ESMA was mandated to develop Level 2 measures, setting out the finer detail of the information that must be disclosed. ESMA’s Final Report, containing its final draft Level 2 measures on the detailed requirements for the disclosure of loan level data and investor reports, and setting out standardised disclosure templates, is here, and is currently with the Commission for approval.
In respect of private securitisations (i.e. a securitisation in respect of which no prospectus is required) there is no requirement to disclose the above information via a securitisation repository or website, but it must still be disclosed on a bilateral basis.
The due diligence obligations of “institutional investors” (i.e. credit institutions, investment firms, insurers, reinsurers, alternative investment fund managers (AIFMs), pension funds, investment managers or authorised entities appointed by pension funds, UCITS management companies, and internally-managed UCITS) will all be contained in the new Securitisation Regulation. Many of these requirements are very similar to those that already apply to credit institutions, investment firms, insurers, reinsurers and AIFMs under sector-specific legislation.
Before holding a securitisation position, an institutional investor must verify compliance by the originator/original lender with the credit-granting criteria referred to above where the originator/ original lender is established in a third country, or is established in the EU but is not a credit institution or investment firm.

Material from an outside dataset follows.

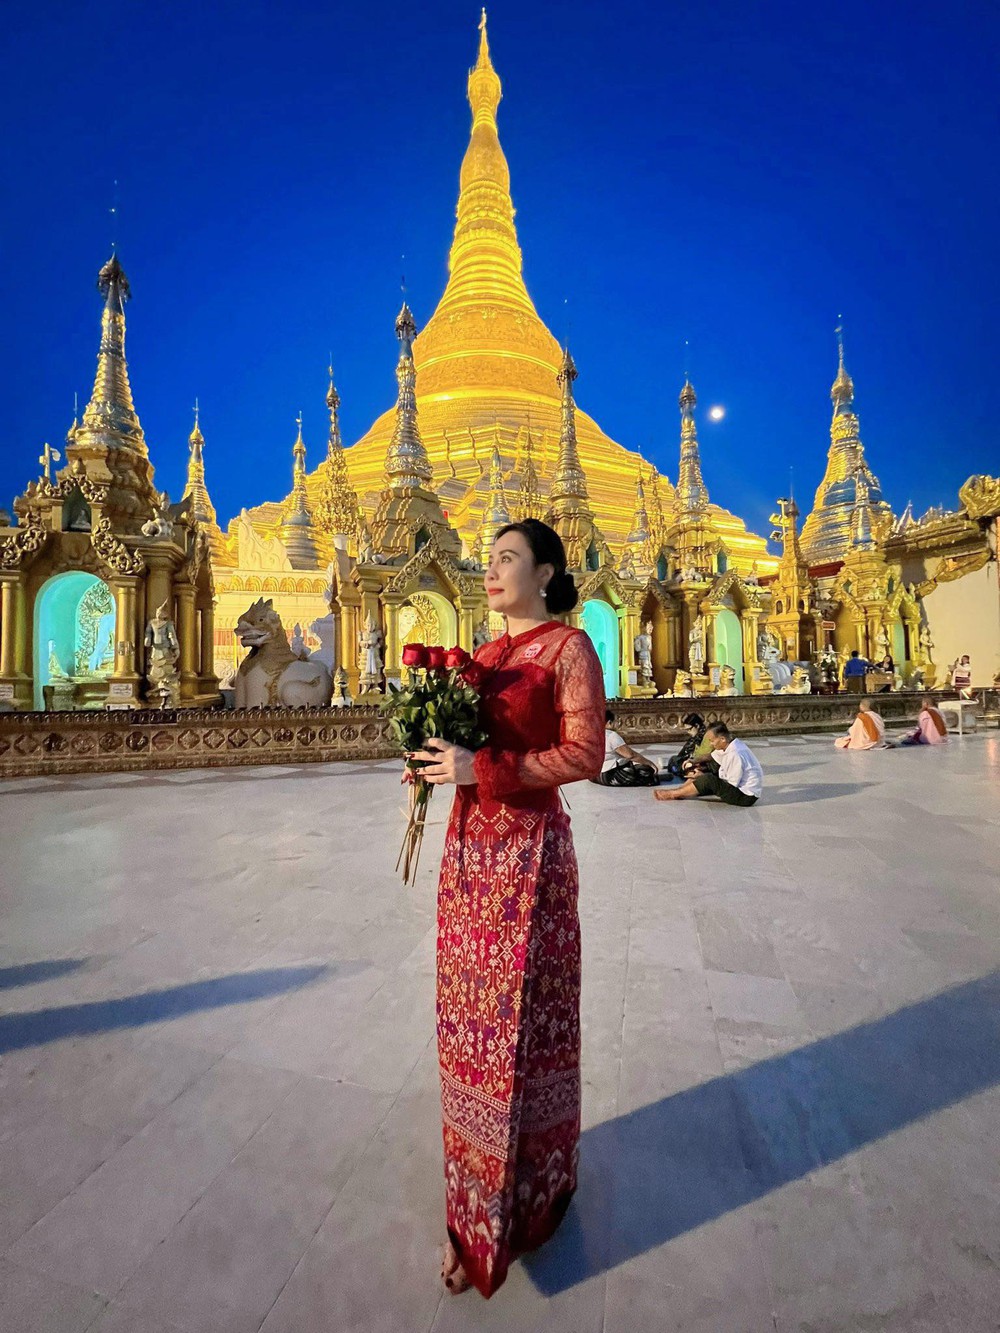 Hoa hậu Phan Kim Oanh trở lại Myanmar sau 7 tháng đăng quang, được truyền thông săn đón - Ảnh 7.

There is no requirement on an institutional investor to verify matters relating to credit-granting where the originator original lender is an EU credit institution or an EU investment firm.
An institutional investor must also check that the retention requirement has been met, that the retention has been disclosed, and that the originator, sponsor or SSPE (as applicable) has complied with the transparency requirements.
» Due Diligence Assessment
Prior to holding a securitisation position, an institutional investor must carry out a due diligence assessment which enables it to assess the risks involved by considering, at a minimum, the risk profile of the securitisation position and the underlying exposures, and the structural features of the securitisation that could materially impact performance.
» Written Procedures
An institutional investor must also have written procedures in place to monitor compliance with its verification and due diligence obligations, and to monitor the performance of the securitisation position and the underlying exposures.
While the due diligence obligations apply to EU-based regulated entities, an out-of-scope investor could still decide to diligence a securitisation to ensure that the requirements of the EU securitisation regime regarding creditgranting, retention and disclosure are being met.
OTHER KEY POINTS
Ban on Re-Securitisation
Subject to limited exceptions, the new Securitisation Regulation prohibits the creation of securitisations which include securitisation positions in their pool of underlying exposures. This prohibition does not affect securitisations where the securities are issued prior to 1 January 2019.
Sales to Retail Investors
The new Securitisation Regulation also restricts sales of securitisation positions to MiFID II retail clients unless a MiFID II-compliant suitability test has been carried out by the seller on the client, and a number of other conditions have been met.
The EBA has drafted Level 2 measures relating to the risk retention requirement (the EBA’s final draft is here), and ESMA has developed Level 2 measures relating to the detailed requirements for the disclosure of both loan level data and investor reports, including standardised disclosure templates (ESMA’s Final Report is here). These drafts are with the Commission for approval. We will issue further updates as these measures are finalised.